• DATA BLOCK
****************************************
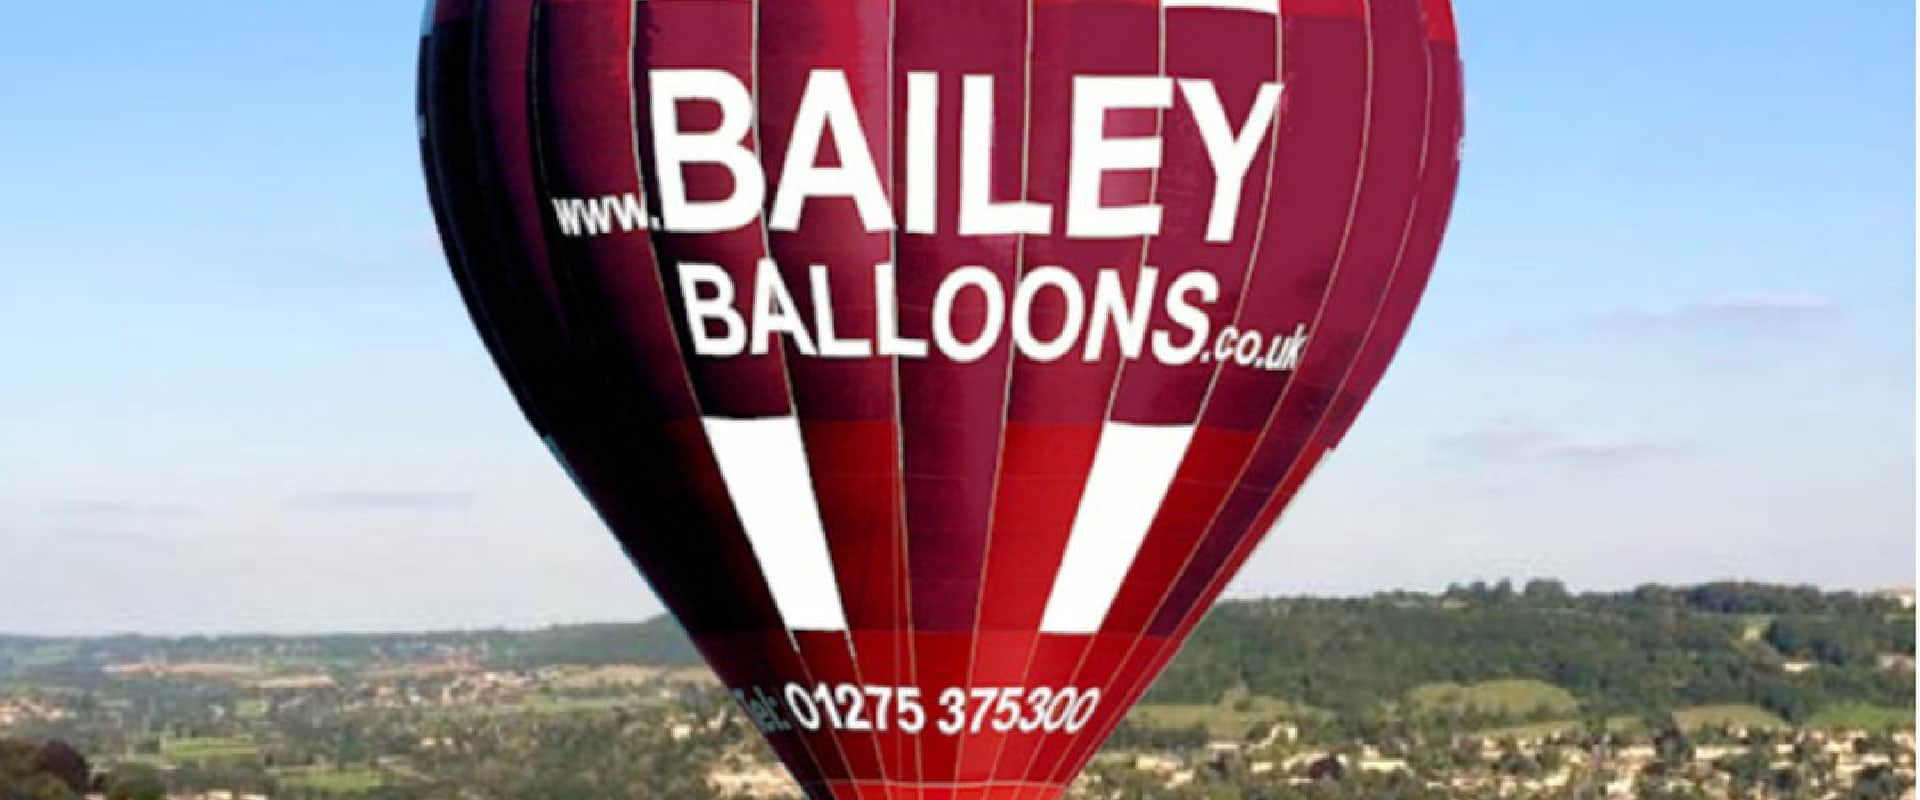 Bailey Balloons in UK
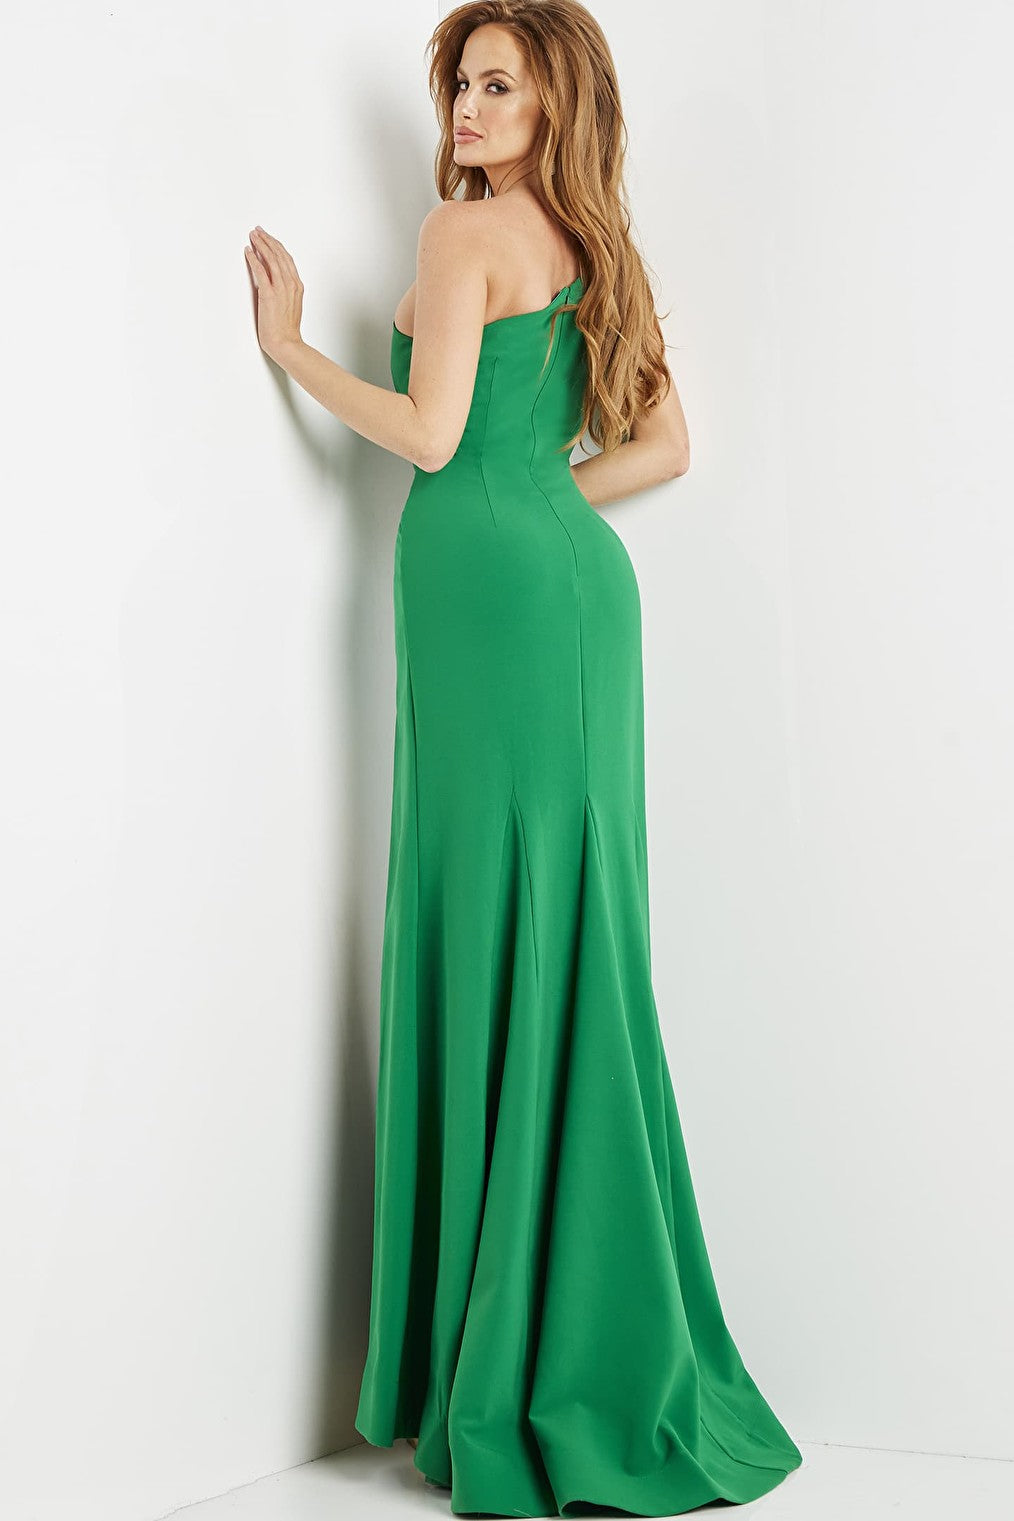 Emerald sheath evening dress 07279
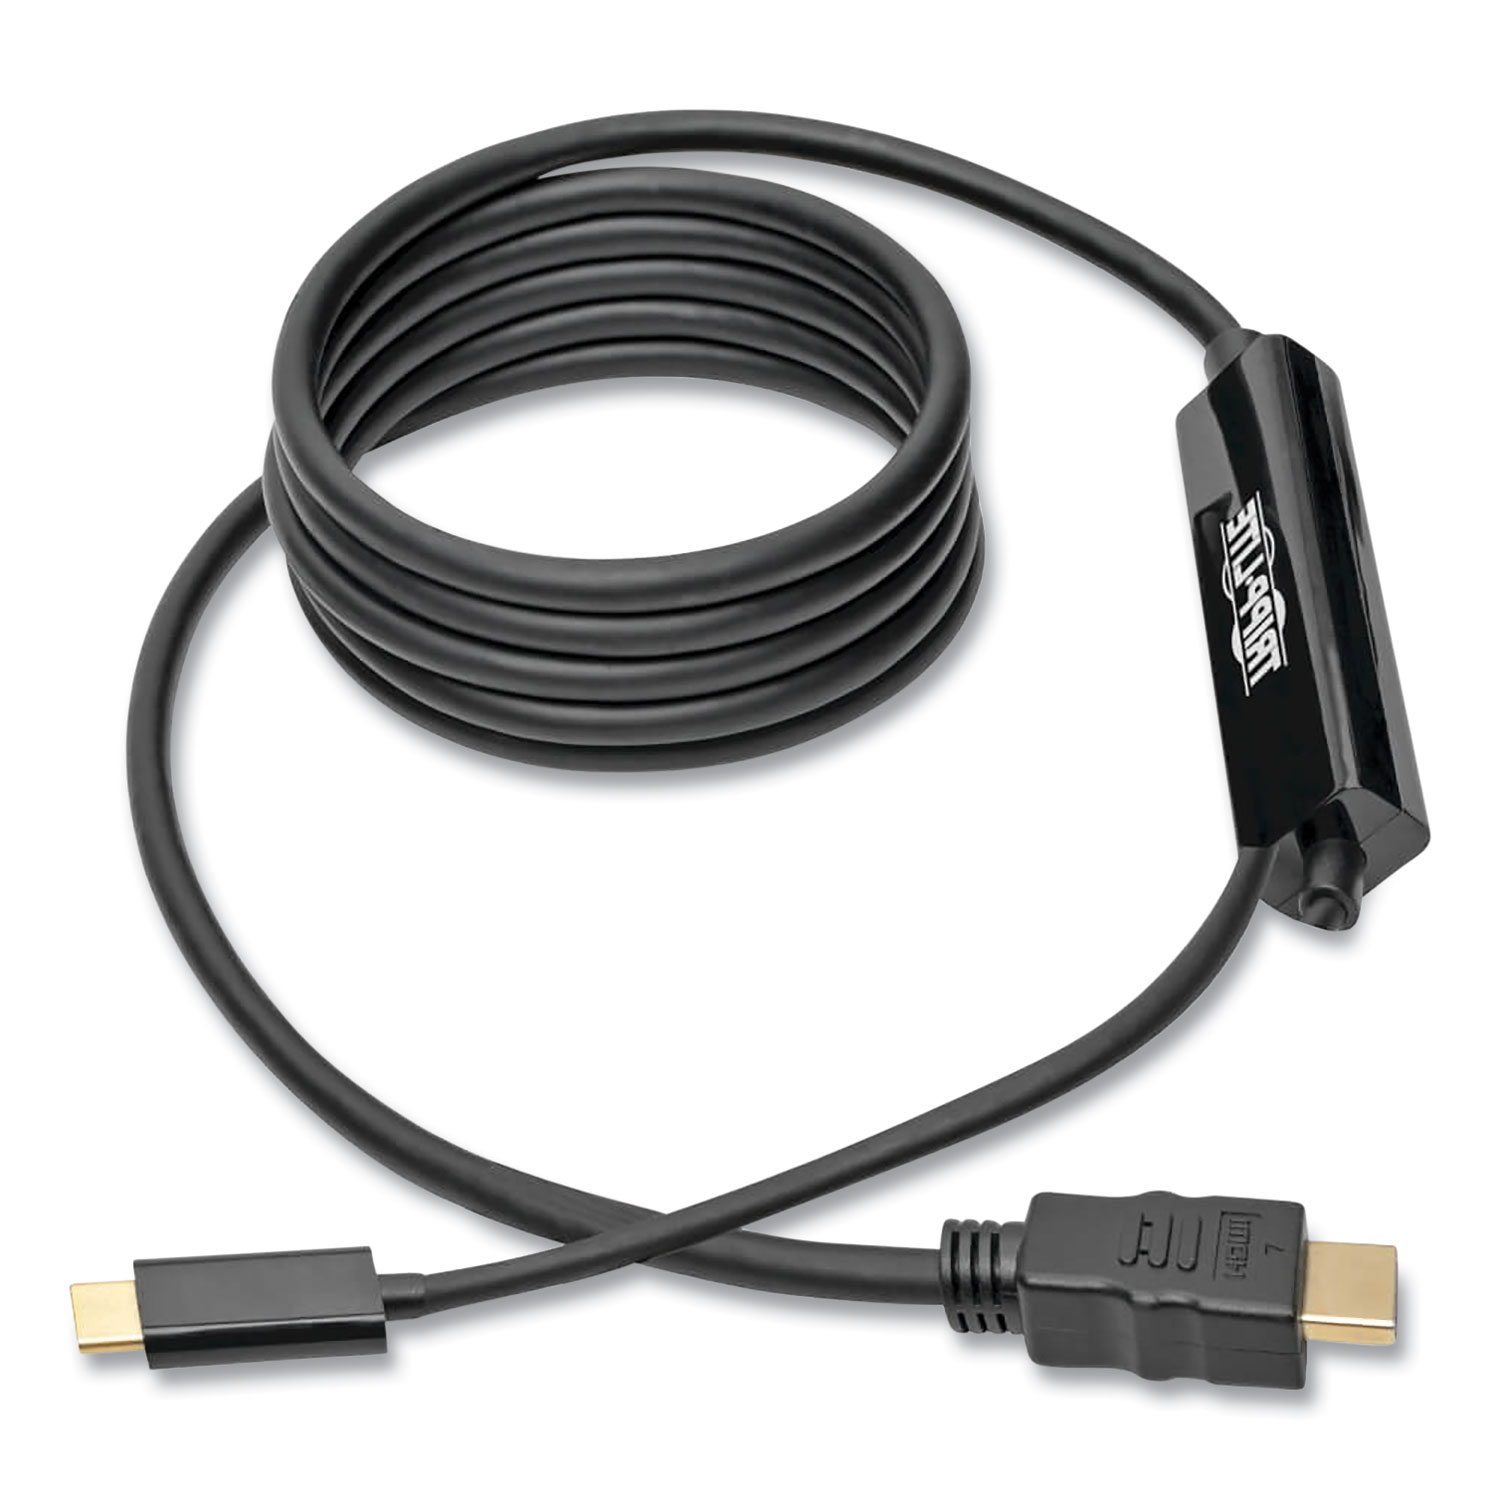 onn. 3' Display Port to Display Port Cable, Black
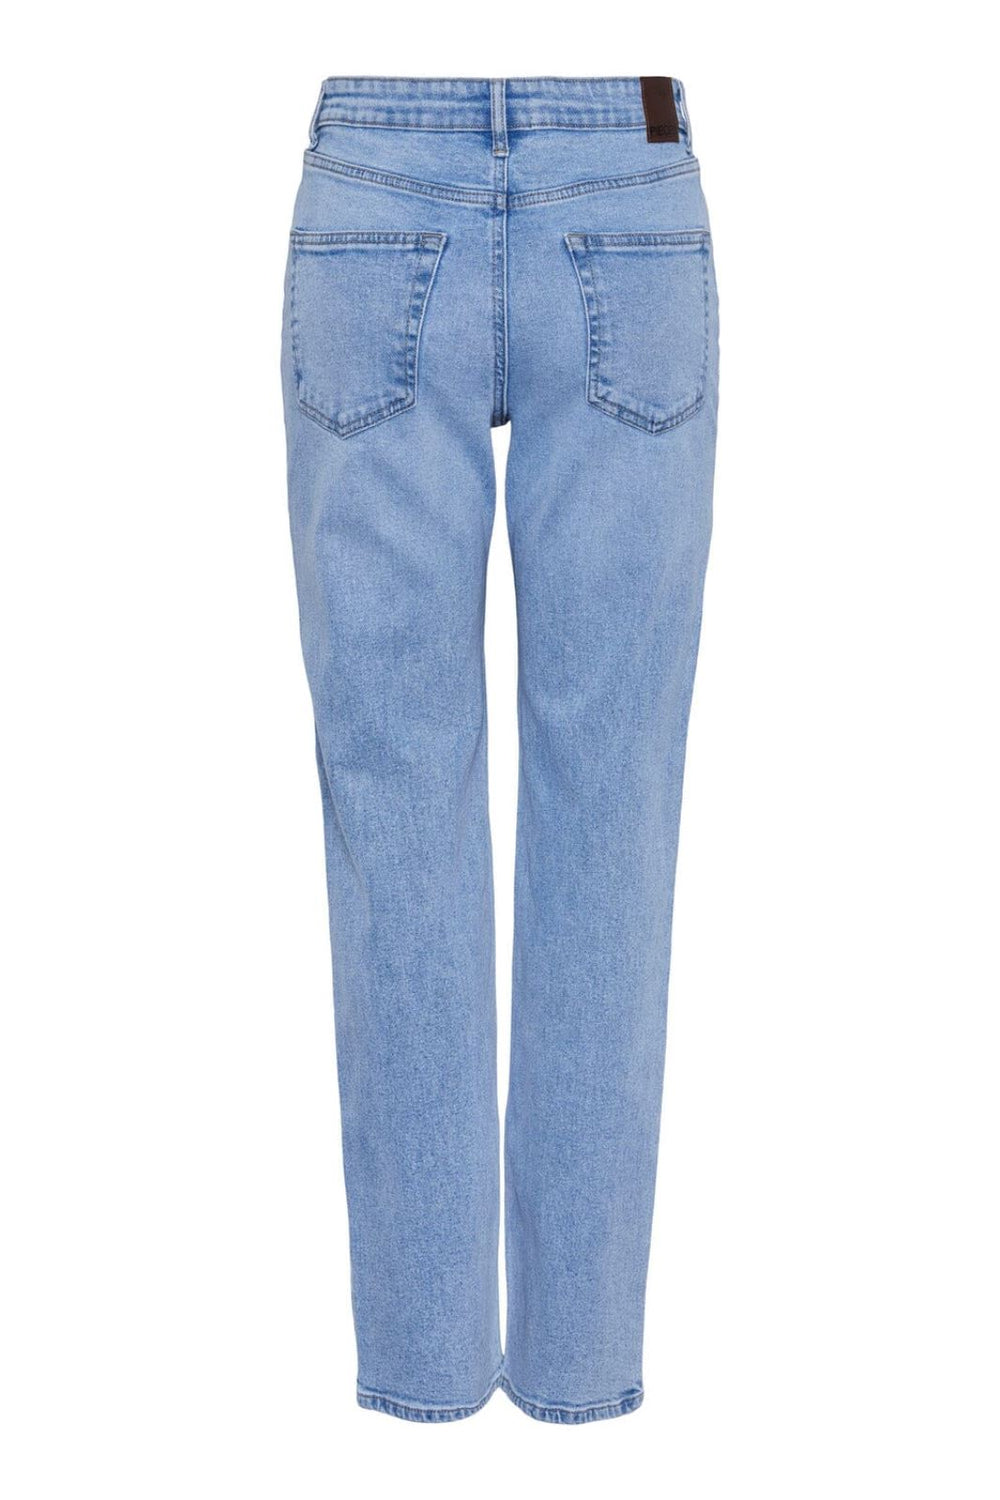 Pieces - Pckelly Straight Jeans Lb302 - 4438668 Light Blue Denim Jeans
****************************************
The complete listing must be transcribed verbatim, and all pictures are to be omitted.

• RESPONSE
 Bailey Balloons in UK
 Emerald sheath evening dress 07279
 onn. 3' Display Port to Display Port Cable, Black
 Pieces - Pckelly Straight Jeans Lb302 - 4438668 Light Blue Denim Jeans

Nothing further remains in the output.